County accepts land bid

Tuesday, January 14, 2014

McCOOK, Nebraska -- Red Willow County, Nebraska commissioners Monday morning signed the papers that accepted the final bid of $3,850 per acre, or $616,000, for 160 acres of farm land donated to the county by McCook-area farmer-rancher Tom Kiplinger.

Proceeds from the sale will operate, maintain, expand and promote the arenas and livestock handling facilities built on the county fairgrounds by Kiplinger since 2003.

The buyers are Caleb and Joy Trail, who own land adjacent to the Kiplinger quarter-section. The closing date is Feb. 10.

Randy Bauer of Gateway Realty of McCook said he was pleased with the outcome of the public auction Jan. 8. The minimum bid that the county commissioners and the fair board would have accepted was $550,000.

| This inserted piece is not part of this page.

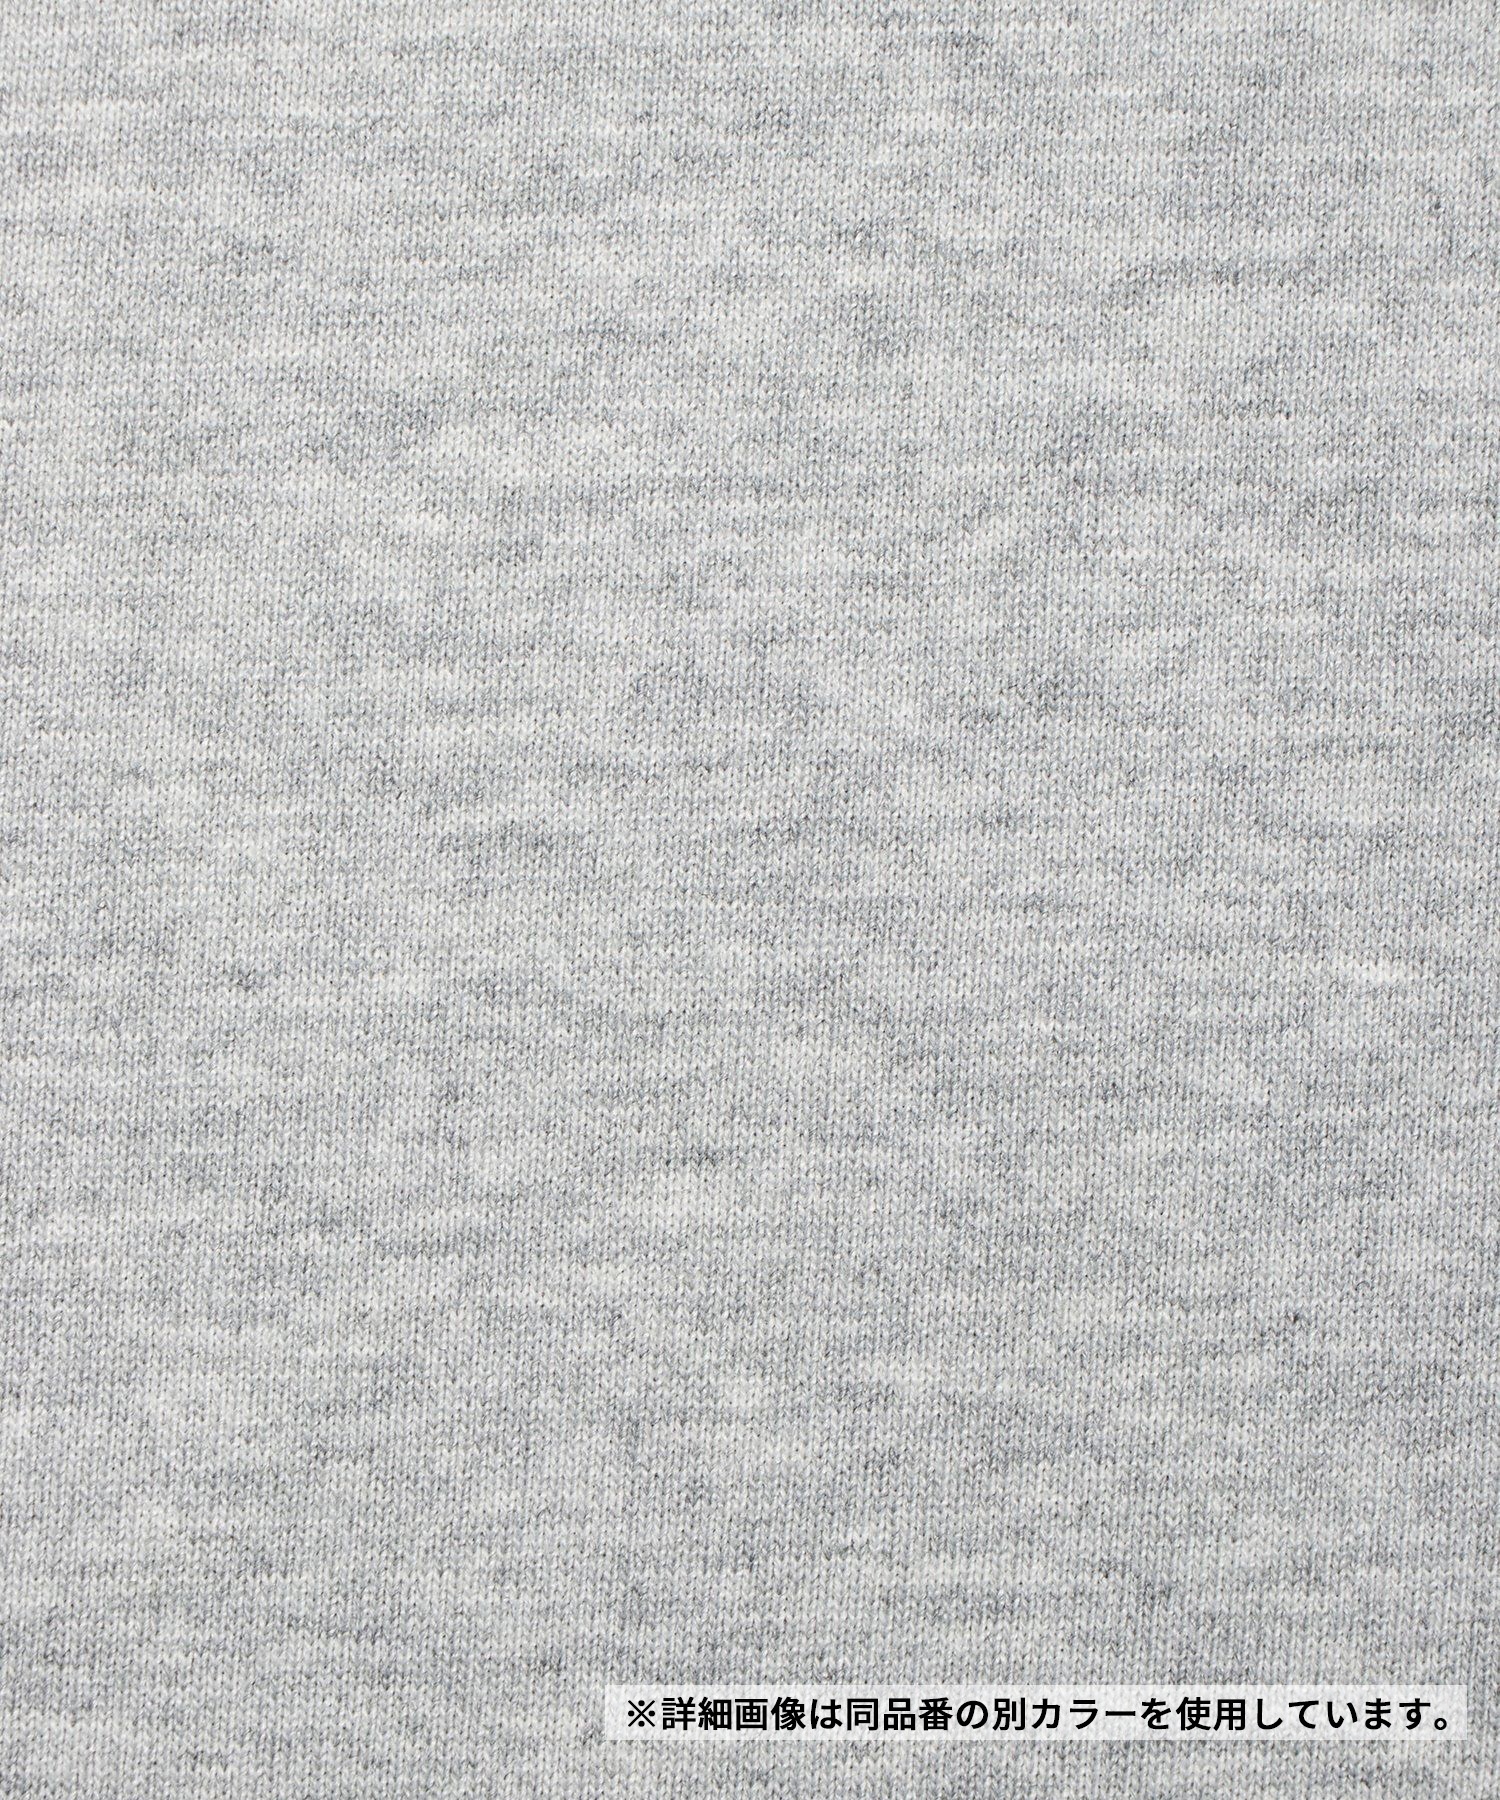 【マトメガイ対象】THE NORTH FACE ザ・ノース・フェイス メンズ Tシャツ 半袖 スクエアロゴ バックプリント 速乾 NT32447 KS(KS-S)

Gateway's selling expenses are estimated at $18,058, which will come off the top of the $616,000 before the check goes to the county treasurer. That leaves $597,942 for an endowment committee appointed by Kiplinger to determine its use on the fairgrounds.

County treasurer Marleen Garcia and deputy county attorney Phil Lyons told commissioners that county attorney Paul Wood recommends a completely separate, new budget fund for the Kiplinger land sale proceeds, so that commissioners, the fair board, the Kiplinger endowment committee and the treasurer can keep track of the money better than if it were merged into the Kiplinger arena budget.

Garcia said that a new budget fund would have to be created by a resolution from commissioners. Commissioners tabled the item until Jan. 27 to take that action.


In other action, commissioners:

* Tabled until after a state workshop for county boards scheduled Feb. 5, 6 and 7 in Lincoln any decision on possible updates, in compliance with IRS rules, of the county's policy on reimbursement of expenses. Commissioners will visit with other county officials to see how they're handling new IRS reimbursement rules in which the IRS taxes fringe benefits and mileage, meal and cell phone expenses that fall outside very specific guidelines.

* Appointed Gary Dicenta of Miller & Associates Engineering Consults PC, McCook, as the county's road superintendent for 2014. Dicenta and Miller & Associates had been ineligible for the county position for several years because the same engineer could not also be superintendent and/or construction inspector on federal aid road projects within the county. Commissioner Earl McNutt explained that changes in Nebraska's roads funding programs all but eliminate the chance of federal aid road projects for small counties such as Red Willow. With fewer/no federal aid projects, Dicenta can again serve as the county's road superintendent. His first assignment will be to investigate access to an isolated quarter-section of land in the southeast corner of the county.

* Received notice from the Nebraska Department of Health and Human Services that the county will receive a $11,500 yearly child support incentive payment for the federal fiscal year 2011.

* Appointed Fred Shepherd of McCook to the Red Willow County Planning Commission to replace Sue Doak. Shepherd's term will expire April 20, 2016.

* Reappointed Dan Stramel, Doug Vap and Tyler Loop to the Red Willow County Visitors Committee, their terms to expire Dec. 31, 2017.

* Appointed Darcy Eckhardt as county zoning administrator for 2014, and appointed commissioner Steve Downer to sit on the county's planning commission.

* Dissolved the obsolete administrative board of the Red Willow County Regional Economic Development Loan Fund and the defunct jail planning committee.

* Declared a list of Extension office items as surplus property.

* Approved the continuation bond for Dave Johnson, treasurer of the Cambridge Rural Fire Protection District.